AFF A700/FAS9000 rebooted due to a watchdog reset
Applies to
- AFF A700
- FAS9000
Issue
- L2 watchdog reset causes a node to reboot unexpectedly
- Service Processor (SP) events logs from the node report:
Record 676: Sat Sep 03 07:48:57.485823 2022 [IPMI Event.critical]: NMI
Record 677: Sat Sep 03 07:48:58.692798 2022 [IPMI Event.critical]: L2 watchdog timeout hard reset
Record 678: Sat Sep 03 07:48:58.730798 2022 [Trap Event.critical]: hwassist l2_watchdog_reset (29)

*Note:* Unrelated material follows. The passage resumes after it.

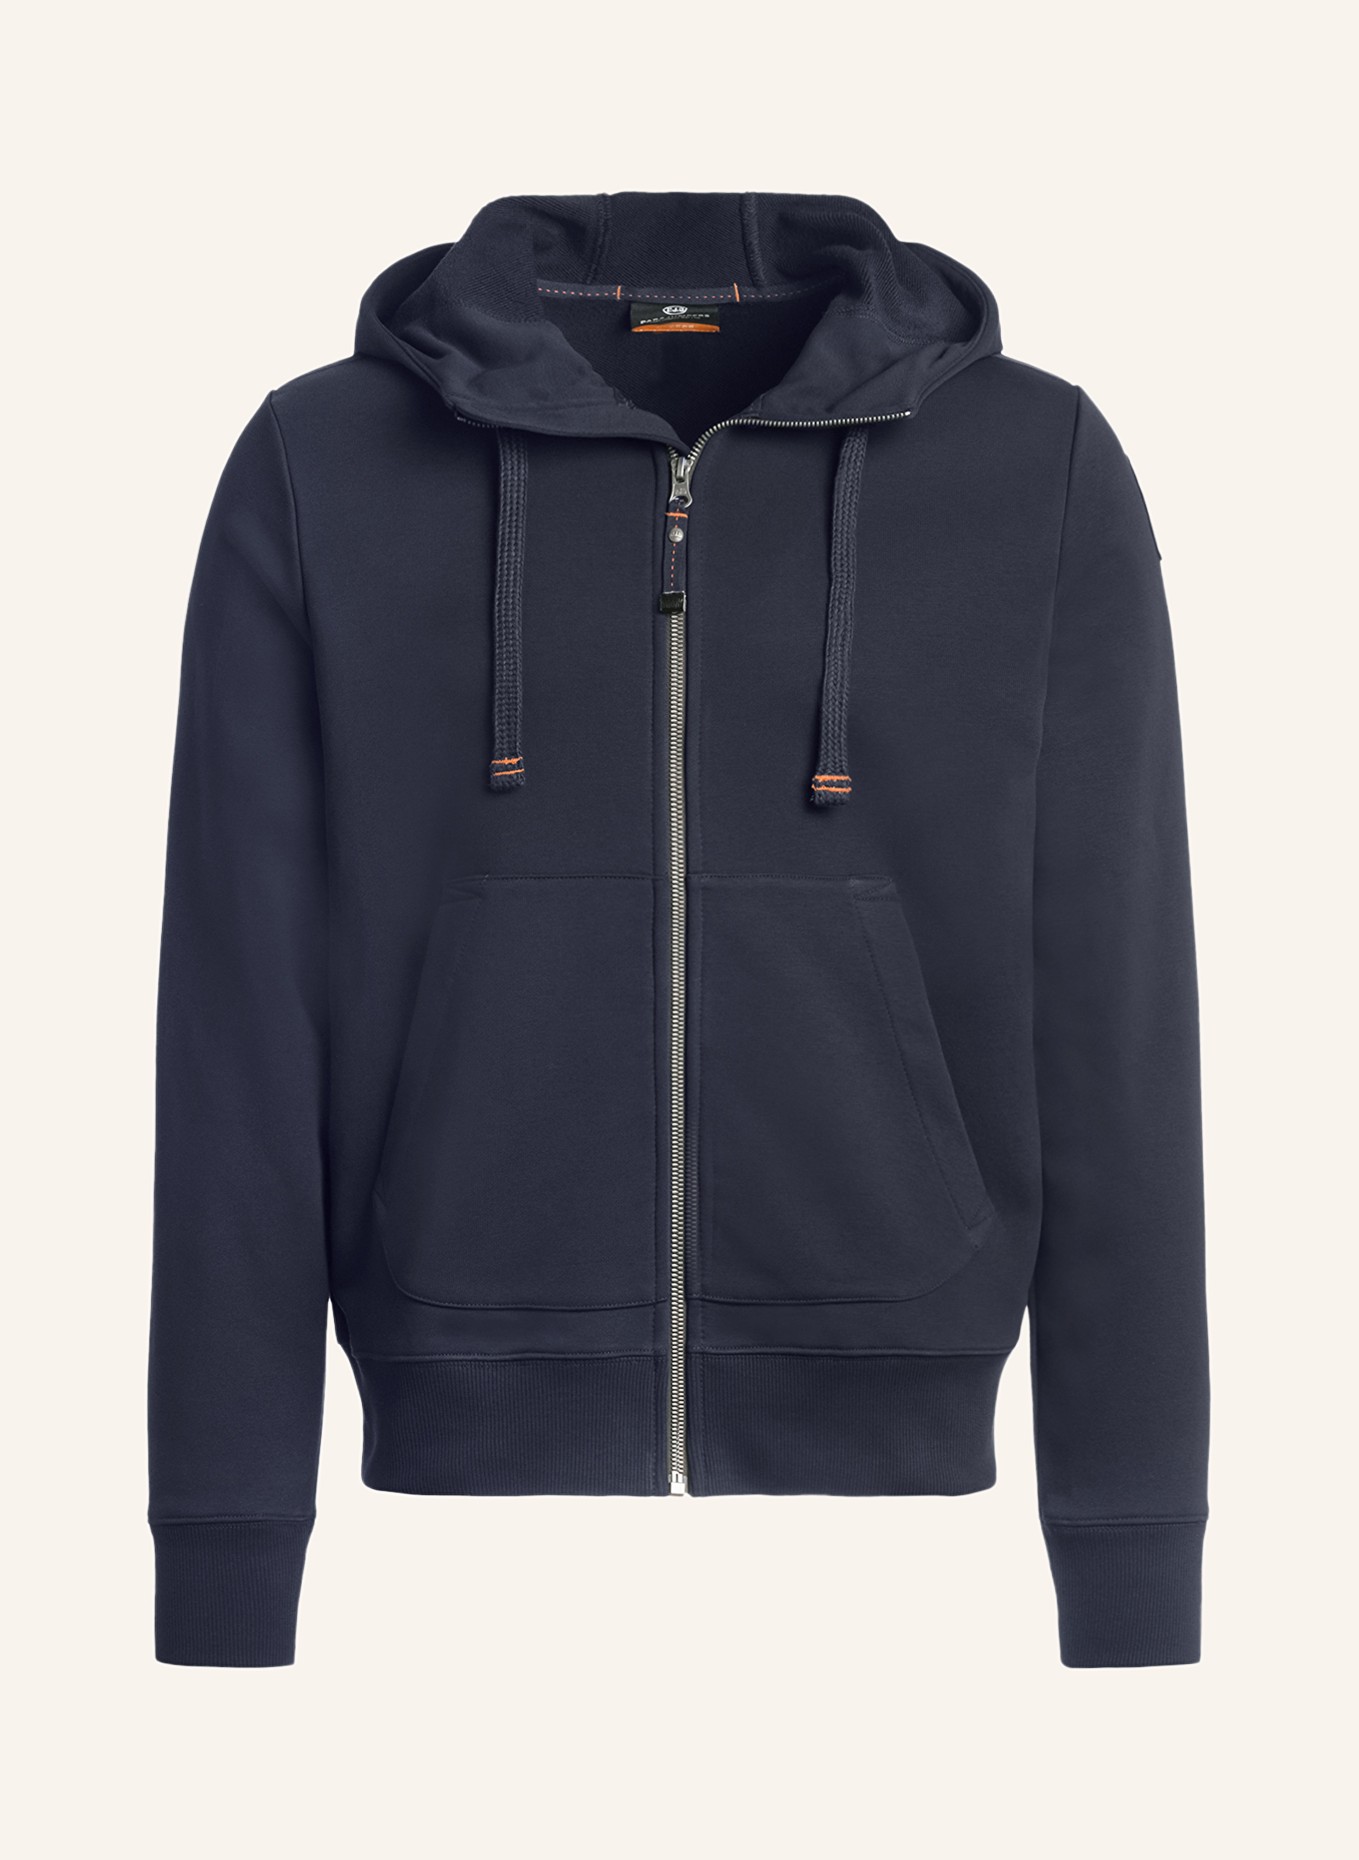 PARAJUMPERS Sweatjacke CHARLIE EASY, Farbe: 0316 blue navy (Bild 1)

Record 683: Sat Sep 03 07:49:13.116765 2022 [IPMI.notice]: 3f04 | 02 | EVT: 6fc804ff | System_Watchdog | Assertion Event, "Timer interrupt"
Record 684: Sat Sep 03 07:49:13.132351 2022 [IPMI.notice]: 4004 | 02 | EVT: 6fc104ff | System_Watchdog | Assertion Event, "Hard reset"
Record 685: Sat Sep 03 07:49:43.344481 2022 [IPMI.notice]: 4104 | 02 | EVT: 6f02ffff | PCM_Status | Assertion Event, "Fault"
- After reboot, an error similar to the following may be observed during boot and in EMS:
[cluster-01:mgr.boot.reason_abnormal:EMERGENCY]: System rebooted due to a watchdog reset.